The trial court denied probation on the ground that it would be


better for the accused to serve his sentence so that he could reform
himself and correct his selfish tendencies. Admittedly, Isidro does not
fall within any of the classes of disqualified offenders under the
Probation Law.

Would you sustain the action of the trial Judge in a Certiorari


case assailing it. Reason.

SUGGESTED ANSWER:
I will not sustain the action of the trial judge. His denial of the application
for probation because it would be better for the accused to serve his sentence
so that he could reform himself and correct his selfish tendencies was arbitrary,
capricious and whimsical. He should have considered the recommendation of
the Probation Officer which was made after a post investigation of the offender
in accordance with the Probation Law, that the offender was entitled to
probation because he had not intended to commit a grave wrong when he
committed the crime of consented abduction and that he had the potential of
a good probationer. (Balleta Jr. vs. Judge Leviste. 92 SCRA 715 (1979)).

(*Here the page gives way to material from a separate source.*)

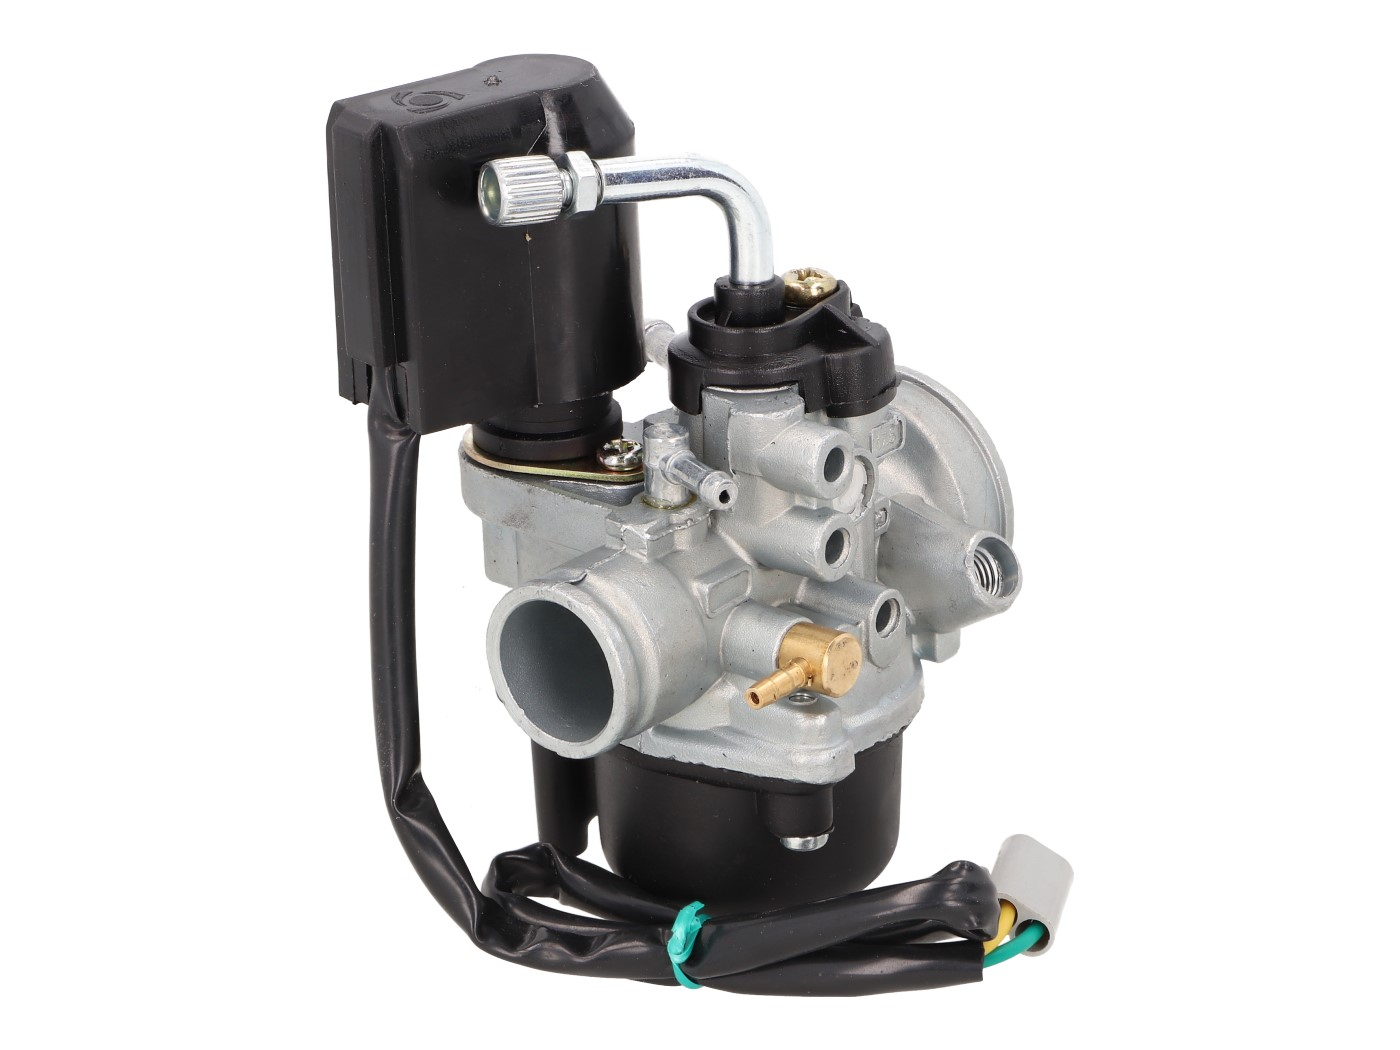 carburetor Naraku 17 5mm electric choke for Piaggio, Keeway, CPI

31. X seduced Y, a minor. He was prosecuted for seduction. After pleading for
forgiveness, Y without even consulting her parents, pardoned X. Did the pardon
extinguish the criminal action against X? Reason. What about his civil liability?
Reason.

SUGGESTED ANSWER:

The pardon of X by Y who is a minor did not extinguish the criminal


liability of X. To extinguish the criminal liability of the offender in the crime of
seduction and similar private crimes, the pardon of the offended party who is
a minor must have the concurrence of her parents. The reason is seduction
strikes at the familys honor and inflicts injury not only to the offended party
but also to her parents. (People v. Lacson, Jr., CA 56 O.G 9460). Since she is a
minor, she is still under patria protestas. The civil liability is also not
extinguished, for the same reason, since there is no express waiver (Art. 23,
RPC). Besides, in the crime of seduction, not only the offended party but also
her parents are entitled to moral damages. (Art. 2219, Civil Code, People v.
Fontanilla, G. R No. L-25354, June 28, 1968). The right to support cannot also
be renounced. (Art, 321, Civil Code).